General information

DBSCAN (Density-based spatial clustering of applications with noise) is a popular unsupervised machine learning algorithm, which groups together points that are close to each other. It also marks points that are in low-density regions as outliers.

Its benefit is that it doesn’t require to specify the number of clusters and it can find arbitrarily shaped clusters.

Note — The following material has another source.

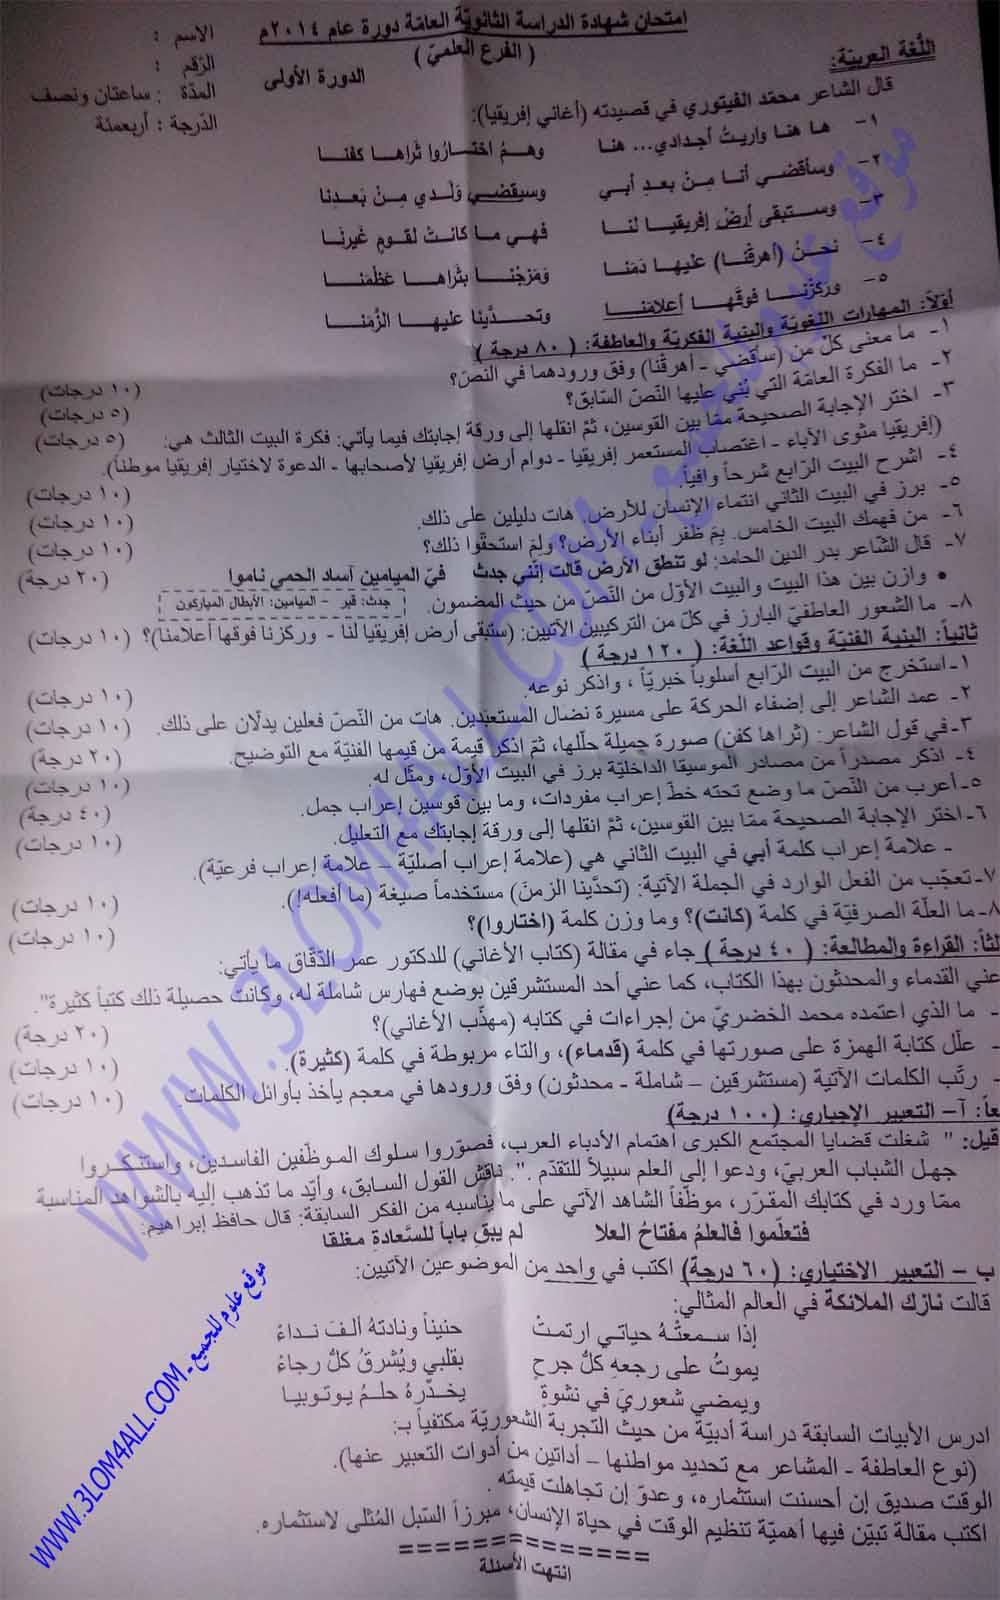 اسئلة امتحان مادة اللغة العربية بكالوريا 2013 سوريا الفرع الأدبي 1462188218042.jpg
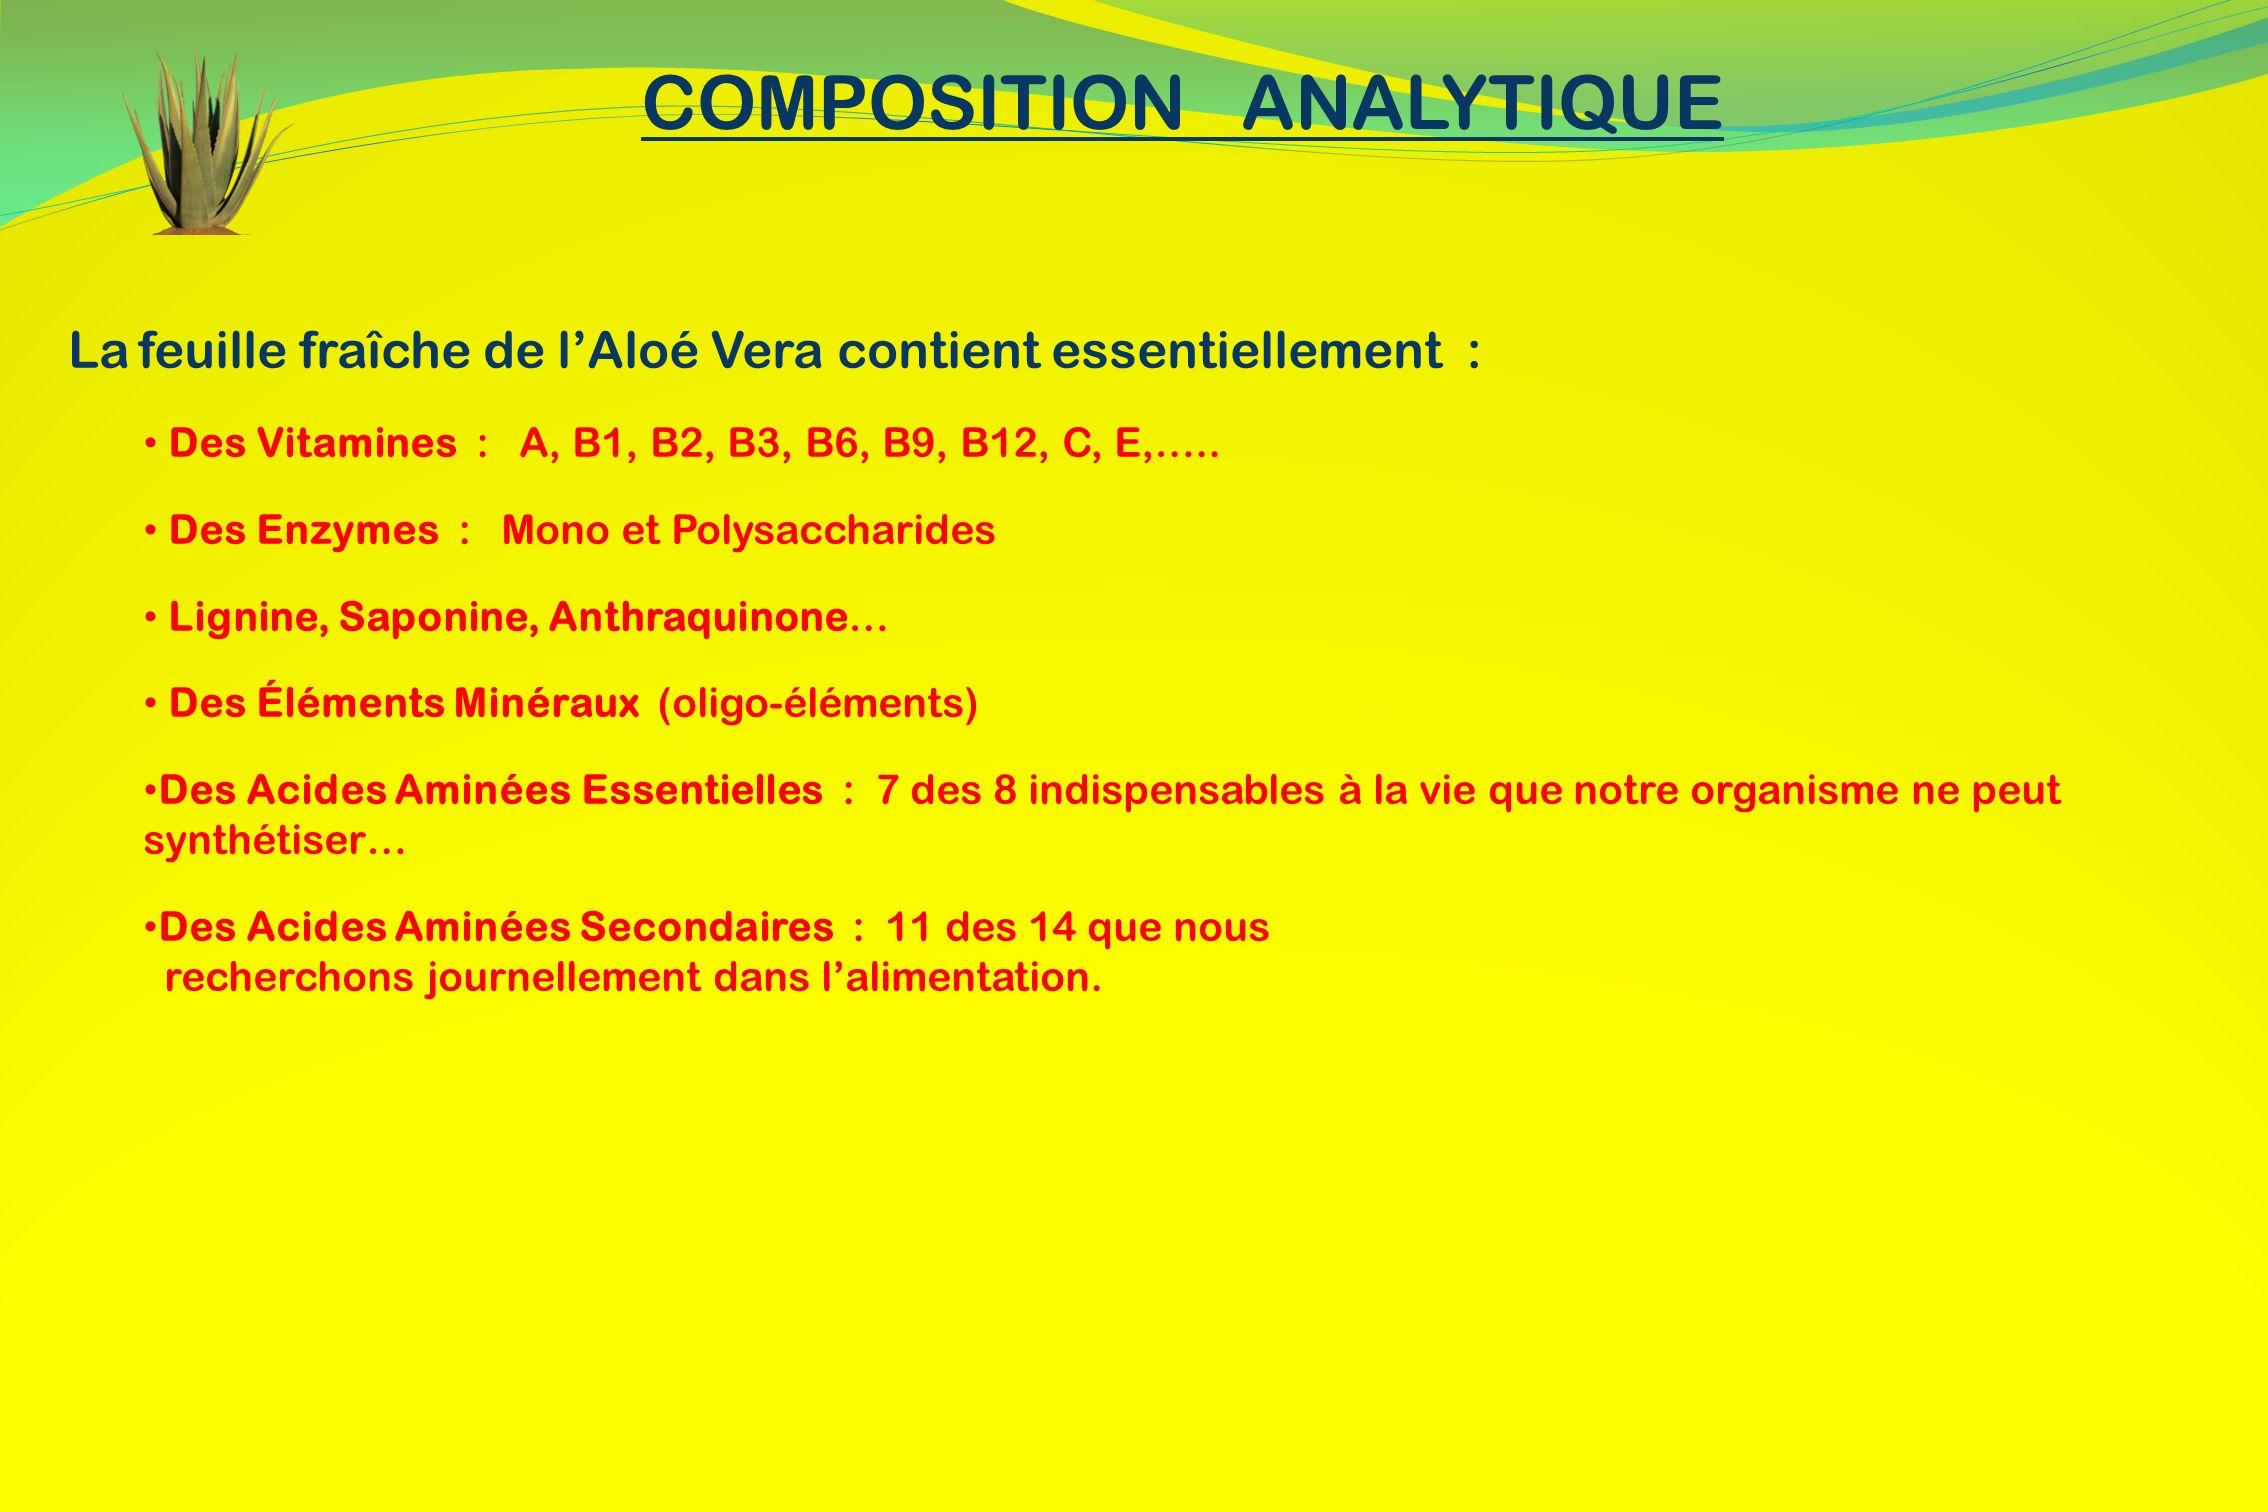 La feuille fraîche de lAloé Vera contient essentiellement : Des Vitamines : A, B1, B2, B3, B6, B9, B12, C, E,….. Des Enzymes : Mono et Polysaccharides

DBSCAN algorithm classifies every data point into 3 categories: core point, border point, and outlier. It generally takes two parameters: ‘epsilon’ (the maximum distance between two samples for one to be considered as in the neighborhood of the other) and ‘minPoints’ (the number of samples in a neighborhood for a point to be considered as a core point including the point itself). For every data point, if it has at least ‘minPoints’ within ‘epsilon’ distance, it is a core point. If there are fewer than ‘minPoints’ within ‘epsilon’ distance but the point is in the neighborhood of a core point, then it’s a border point. In other case, the data point is an outlier. For locating data points in space, DBSCAN mostly uses Euclidean distance, although other methods can also be used.

Untitled

Example for minPoints=4

A cluster includes core points that are neighbors (i.e. reachable from one another) and all the border points of these core points.

Description

Brick Locations

BricksMachine Learning → DBSCAN Clustering

Brick Parameters

Brick Inputs/Outputs

Example of usage

Let’s try to segment data from the ‘segmentation_moons.csv’ dataset using DBSCAN algorithm. The dataset consists of 3 columns: ‘Unnamed: 0’, ‘0’ and ‘1’.

Untitled

So we connect this dataset directly to the DBSCAN Clustering Brick, set ‘Epsilon’ equal to 0.1, filter column ‘Unnamed: 0’ as it sets the index of the record and doesn’t represent any feature of the sample. After configuring the settings we can run the pipeline and see the results in the Output section on the right sidebar. We got the same dataset with an additional column ‘predicted_cluster’, which has values from -1 to 1. It means that we segmented our data into 2 clusters and points that were predicted as cluster ‘-1’ are the outliers.